Bald wird kein Seminole mehr sagen können, daß dieses Land seinem Volk gehört hat, keiner wird mehr von den Siegen seiner Väter über ihre Feinde erzählen können. Der Pflug der Bleichgesichter wird die Gräber der Seminolen aufwühlen, und zwischen ihren Gebeinen wird Mais und Baumwolle wachsen.«

Als sie zum Lager zurückkehrten, hatten die Frauen das Frühstück aus unreifem, in Wasser abgekochtem Mais und geröstetem Hirschfleisch bereitet.
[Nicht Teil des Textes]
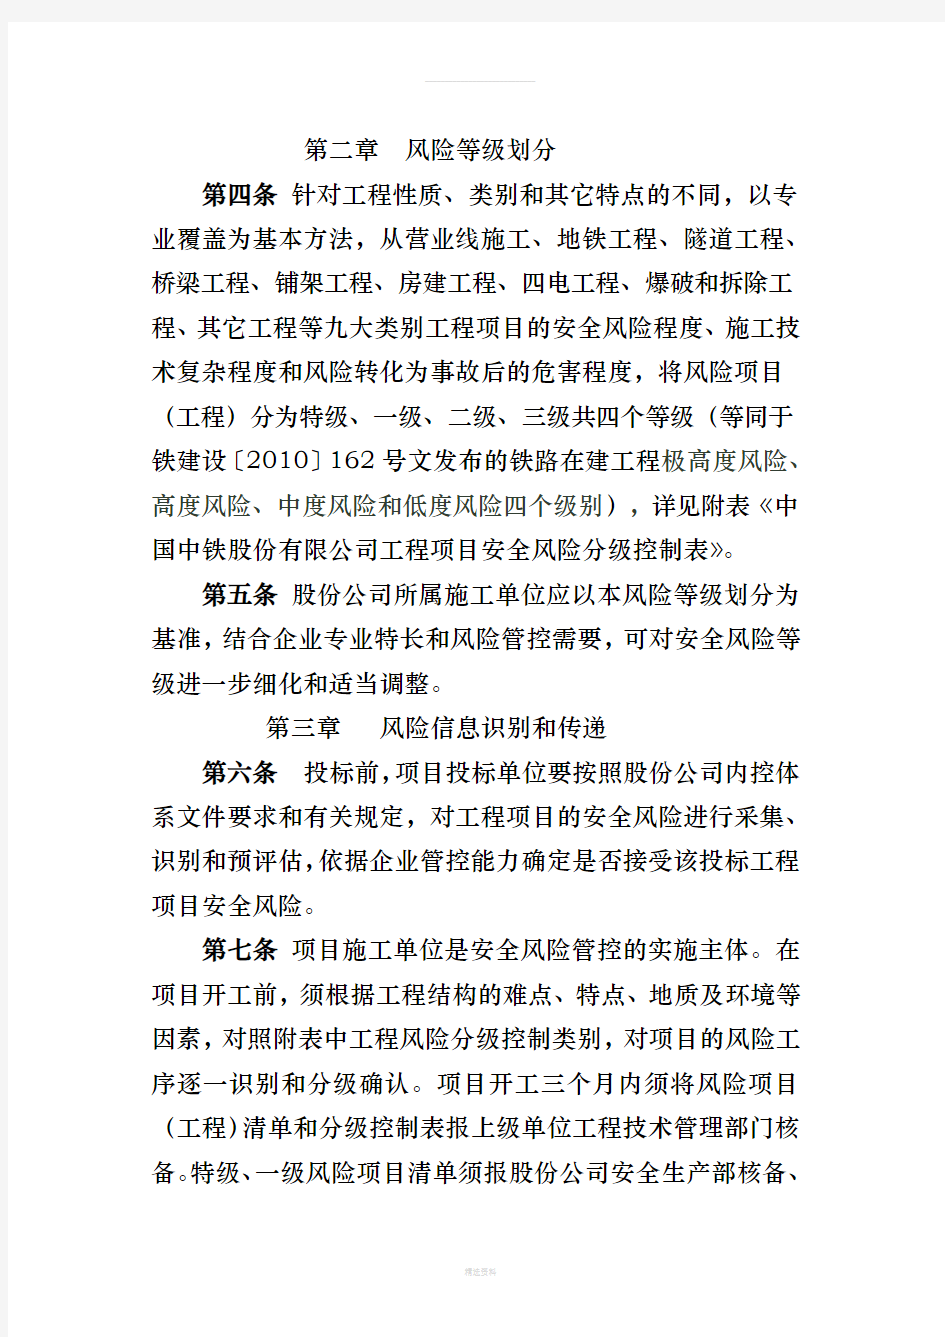 中国中铁股份有限公司工程项目安全风险分级管控指导意见(试行)

Vor den nicht weit entfernten Hütten der übrigen Familien von Tallihadjos Stamm rüsteten sich die Männer zur Jagd. Zu Fuß und zu Pferde, teils mit Büchsen, teils mit Bogen und Pfeilen bewaffnet, zogen sie, von einer Menge Hunde umschwärmt, dem Fluß zu, durchschritten ihn auf einer seichten Furt und verschwanden jenseits im hohen Walde.

Tallihadjo wies seinen Negern Arbeit an. Einige schickte er zum Angeln an den Fluß, andere mußten Feuerholz besorgen. Er selber setzte sich vor den Eingang seiner Hütte und versah den Hahn seiner Büchse mit einem neuen Feuerstein.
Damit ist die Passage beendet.